César Esperandio é economista com ênfase em planejamento financeiro, com larga experiência no mercado financeiro. Já atuou em setores macroeconômicos de bancos e consultorias, além de ter passado por empresa de pesquisas de mercado. Hoje se dedica exclusivamente ao Econoweek, com foco em investimentos.

14/08/2020 04h00

Você já ouviu alguém falando "se eu não bebesse, já estaria rico" ou "se eu não gastasse dinheiro com tanta coisa que não preciso, já teria feito duas viagens para o exterior"? Talvez você mesmo já se deu conta de alguma situação assim.

Eu sou César Esperandio, economista do Econoweek, a tradução da economia.
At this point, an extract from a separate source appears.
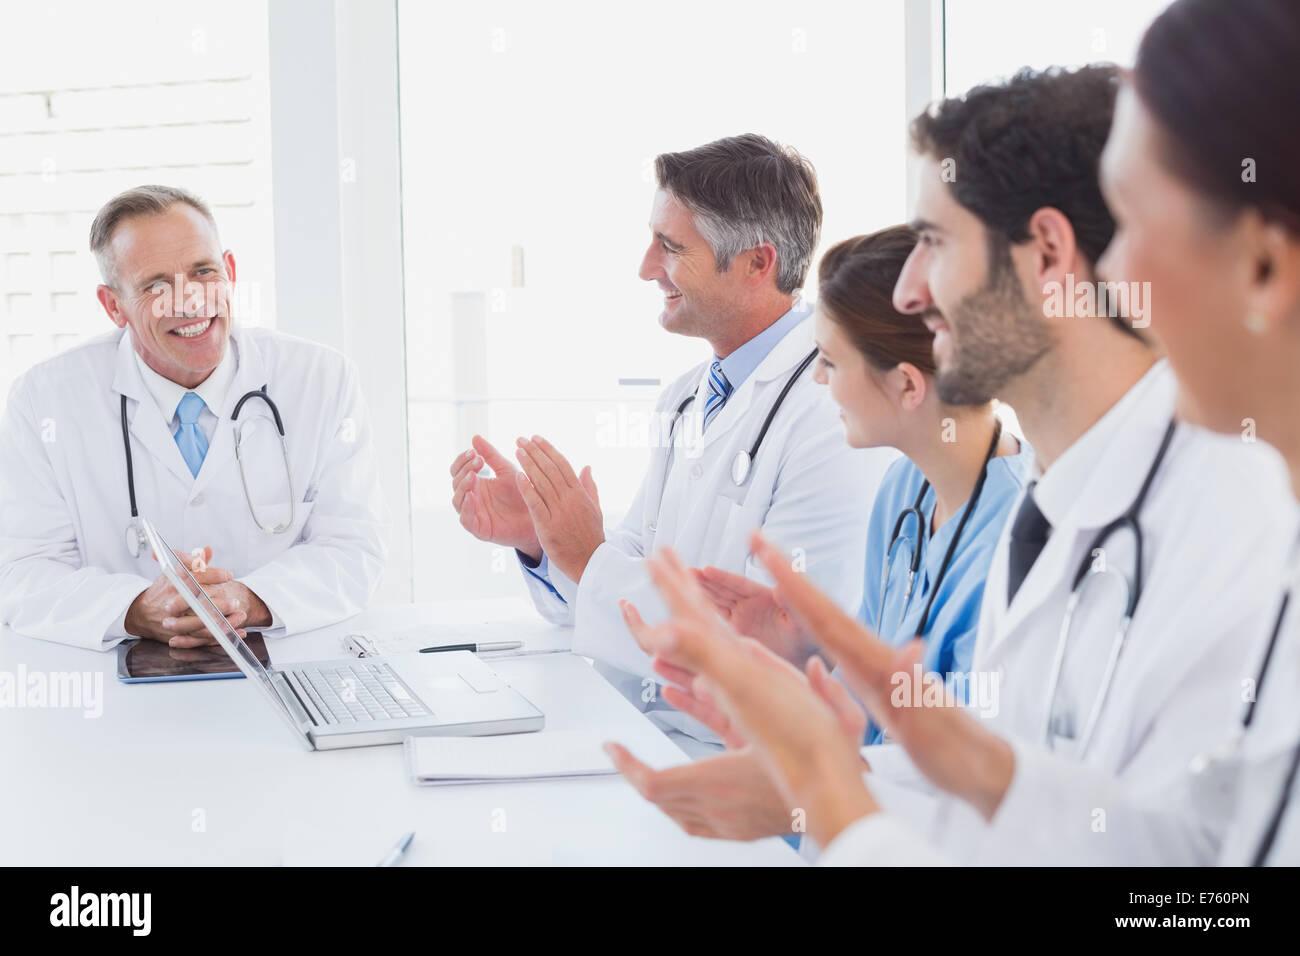 Un autre médecin médecins applaudir Photo Stock

Neste artigo, bem como no vídeo acima, vou contar quais são as coisas que eu parei de comprar que me fizeram ficar mais rico.
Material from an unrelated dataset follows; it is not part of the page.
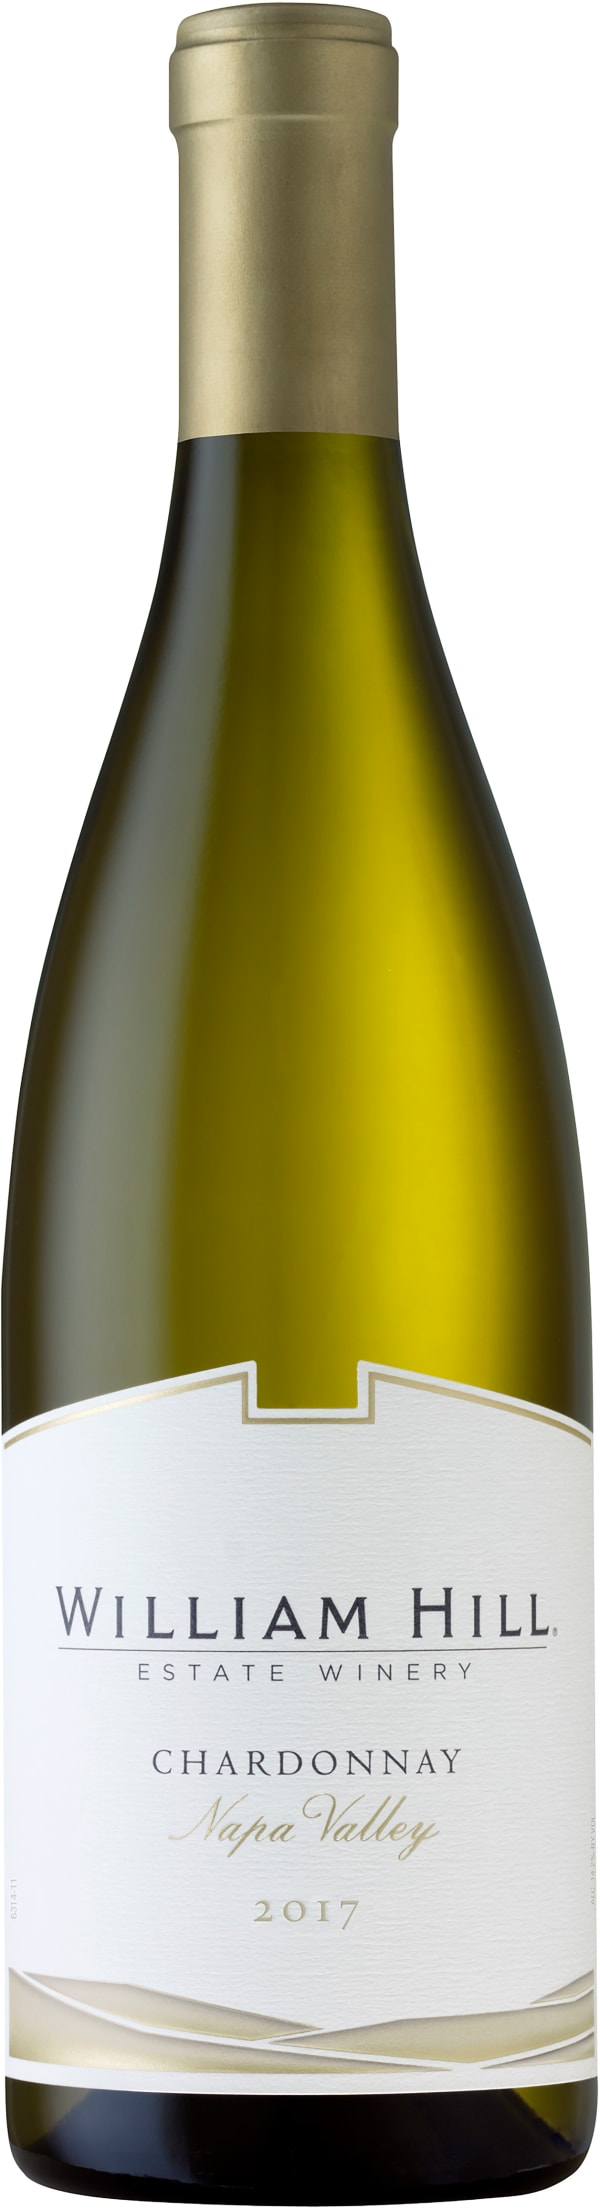 William Hill Napa Valley Chardonnay 2017

Dica: as duas últimas coisas são as mais importantes, que me fizeram economizar mais dinheiro!

1. Carro

Já há dois anos que deixei de ter carro e posso afirmar com segurança que estou muito melhor assim!

Não estou falando que isso serve para todo mundo, mas eu te convido a refletir. Se ficar sem carro não é uma opção para você, pelo menos pode pensar em comprar um carro diferente em sua próxima troca.

Quando eu tinha carro, meus gastos eram elevadíssimos. Eu precisava alugar uma vaga perto do trabalho, que era uma região valorizada de São Paulo, e custava cerca de R$ 400 por mês. Com gasolina, eu gastava mais R$ 600. Só nestes dois custos, já eram R$ 1.000 por mês. Quando eu colocava na conta o seguro, IPVA, manutenção, estacionamentos aos finais de semana, entre outros, facilmente meu gasto passava dos R$ 1.500 por mês.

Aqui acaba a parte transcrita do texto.